Whether by Fincher’s brilliant hand, the extraordinary dedication of the cast and crew, or some intangible movie magic, Alien 3 comes out the other end as something more than palatable. Everything discussed earlier should have resulted in shambles. There is something undefinably spiritual about the endeavour. The vestiges of Ward’s aborted version are to be thanked in part, but so are the ingredients set in place by Fincher and his team.
Alien 3 never makes the inmates look “good” per se, but an effort is made to suggest the last inklings of humanity still clinging to their doomed souls. They are believers of a self-devised religion through which they embrace their fate and punishment, with Dillon serving as their pastor. Ripley’s presence destabilizes their relative harmony, but when the death toll starts to rise, both parties forge a tenuous alliance. Our heroine relies on her experience, her pseudo-scientific knowledge of the creature, whereas Dillon and his men can only have faith that they will find a way to survive while a company rescue ship makes its way.
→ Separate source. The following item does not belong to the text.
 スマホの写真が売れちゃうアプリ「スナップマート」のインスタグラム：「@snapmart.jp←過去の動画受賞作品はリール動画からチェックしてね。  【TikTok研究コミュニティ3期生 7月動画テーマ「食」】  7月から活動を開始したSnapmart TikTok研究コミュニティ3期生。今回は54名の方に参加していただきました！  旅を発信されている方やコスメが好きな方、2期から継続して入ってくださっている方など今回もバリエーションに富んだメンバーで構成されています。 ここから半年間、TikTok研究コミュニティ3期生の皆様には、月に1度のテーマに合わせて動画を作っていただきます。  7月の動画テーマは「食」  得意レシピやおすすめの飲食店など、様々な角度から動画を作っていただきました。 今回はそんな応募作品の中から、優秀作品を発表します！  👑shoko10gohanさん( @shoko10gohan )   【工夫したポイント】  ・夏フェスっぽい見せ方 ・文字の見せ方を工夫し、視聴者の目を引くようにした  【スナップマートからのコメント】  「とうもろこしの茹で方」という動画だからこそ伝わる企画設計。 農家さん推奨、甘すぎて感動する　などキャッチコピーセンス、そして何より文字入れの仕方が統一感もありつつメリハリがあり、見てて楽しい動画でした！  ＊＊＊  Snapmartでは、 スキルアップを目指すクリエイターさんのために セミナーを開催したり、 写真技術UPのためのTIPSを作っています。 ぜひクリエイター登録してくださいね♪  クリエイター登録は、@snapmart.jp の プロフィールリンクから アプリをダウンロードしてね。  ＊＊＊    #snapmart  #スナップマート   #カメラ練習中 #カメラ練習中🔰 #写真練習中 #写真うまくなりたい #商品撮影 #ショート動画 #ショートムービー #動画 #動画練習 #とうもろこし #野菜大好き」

This third entry lacks the finesse of Ridley Scott’s original and the adrenaline of James Cameron’s military-themed sequel. Army grunts are one type of obnoxiousness; convicted and foul-mouthed inmates is another. A couple of sequences, though well filmed, don’t quite gel with the rest of the picture. Structural issues plague the subplot when the group tries quarantining the xenomorph in a heavy-duty containment chamber. This pertains to both the original 1992 cut and 2003 special edition. A scene in which Ripley is nearly raped features an odd rock music cue.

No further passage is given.